My noble friend comes to this issue with great experience and has been a long-standing campaigner in this regard. She raises the issue of administration charges on leases. Some leases contain covenants for the recovery of legal costs, which is a slightly different issue from the recovery of costs as service charges. I understand there have been calls for the Government to consider the feasibility of creating a provision to prevent the recovery of administration charges, similar to the protection over service charges already provided under Section 20C of the Landlord and Tenant Act 1985. We understand the concern that this topic provokes but, as I am sure my noble friend will agree, we need to look at this very carefully and consult quite widely before deciding on any action that can be taken in this regard.

My Lords, I declare an interest as I have some interest in a leasehold flat. The former cap of £500 on costs has been removed, as the Minister has said, and the Church Commissioners, of all people, recently persuaded the court that a default judgment over service charges allowed them to forfeit a lease. Furthermore, in another case, a landlord recovered from two pensioners £40,000—not £500—as an administrative charge in a dispute over service charges. Is it not time that the Government acted to replace leaseholds for residential properties with commonhold?

My Lords, as the noble Lord will know, the Government have already taken forward the issue of legal costs in relation to service charges.
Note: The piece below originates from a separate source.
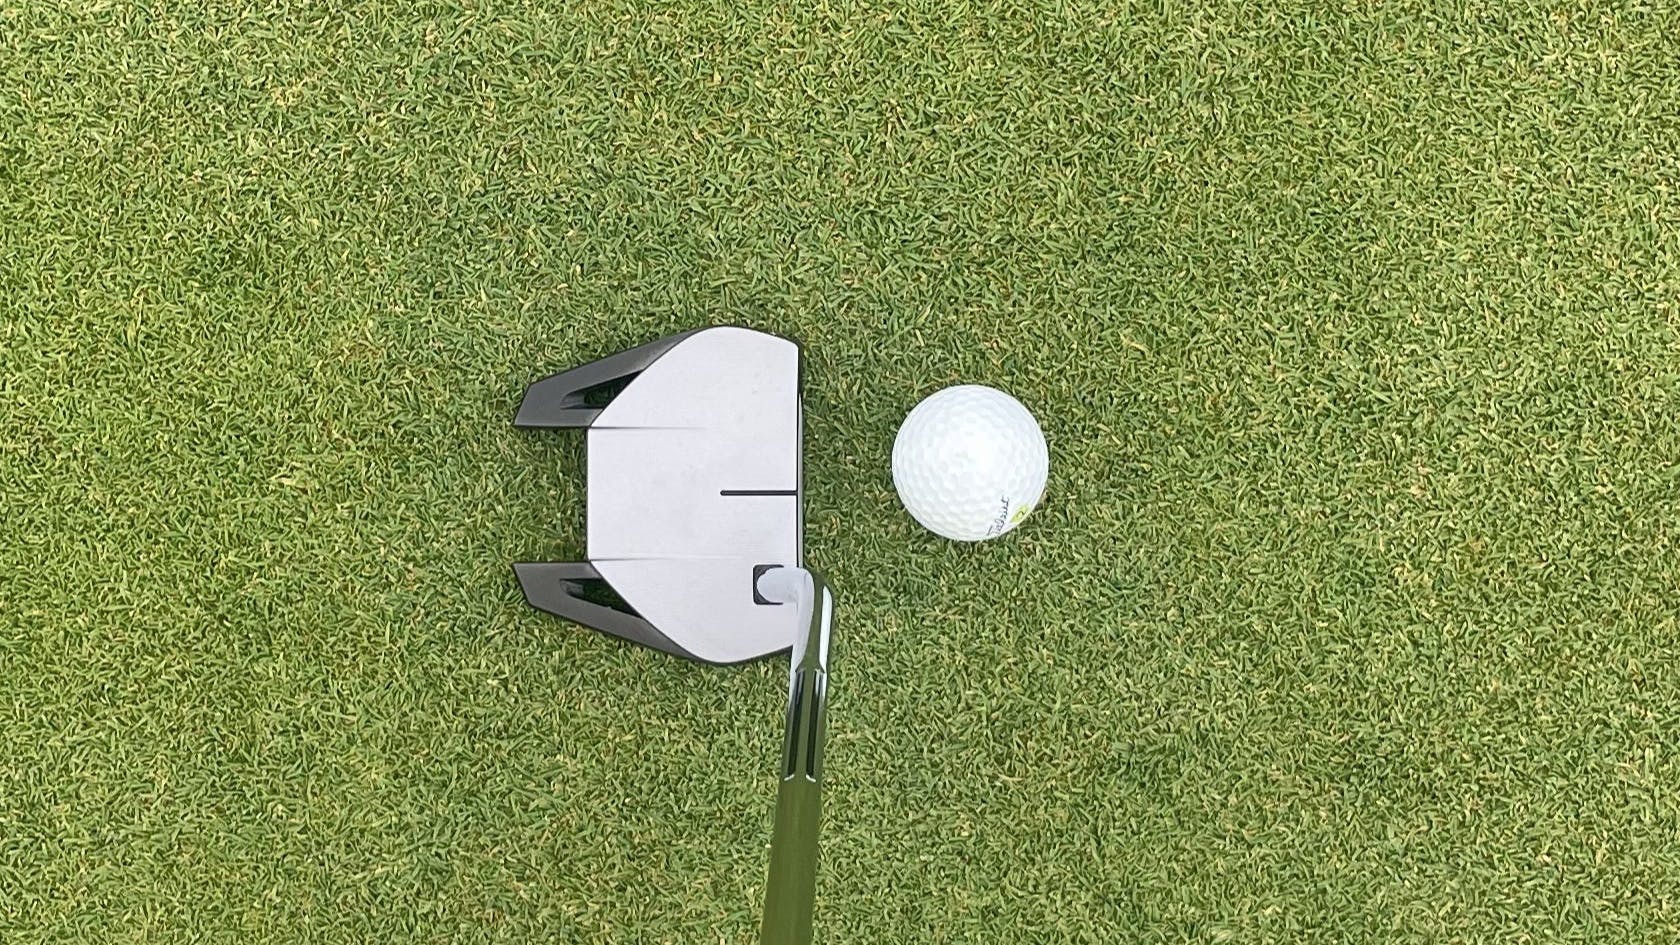 The TaylorMade Spider GT Silver Single Bend Putter in front of a golf ball.

I have already alluded to the Section 20C order, as provided for in the Landlord and Tenant Act 1985, which allows a leaseholder to seek for those service charges—if the landlord is claiming that—to be voided. He also raised the point about the £500 fee. Normally in tribunal cases, we have found that parties pay their own costs, and it is rare for costs to be awarded in the property chamber itself. Only where the tribunal considers that a party has behaved unreasonably could it make a costs order against them.

My Lords, I remember debating the Bill very carefully here in 1996, because it was stated that the total costs would be recovered from the applicants, down to,

“the milk for the office cat”.—[Official Report, 10/7/96; col. 348.]

These charges, under the previous system, were limited to a maximum of £500 and the only abuse was when the other side charged it back to all the leaseholders in the block, even if only one had brought the case. Now, it is a different matter. You have to put up the £500 even to take your case to the tribunal and you have to pay further costs all the way. Can we at least be assured that if, as the noble Lord says, it is not possible to limit it in some cases, the costs will not be charged to all the tenants, as is now the case, instead of just to the one person who brought the case? Will the court, or the First-tier Tribunal as it is now called, have the power to determine where these costs are actually justified?

Bearing in mind the series of questions that my noble friend has asked, perhaps writing to her in this regard would be more appropriate and beneficial.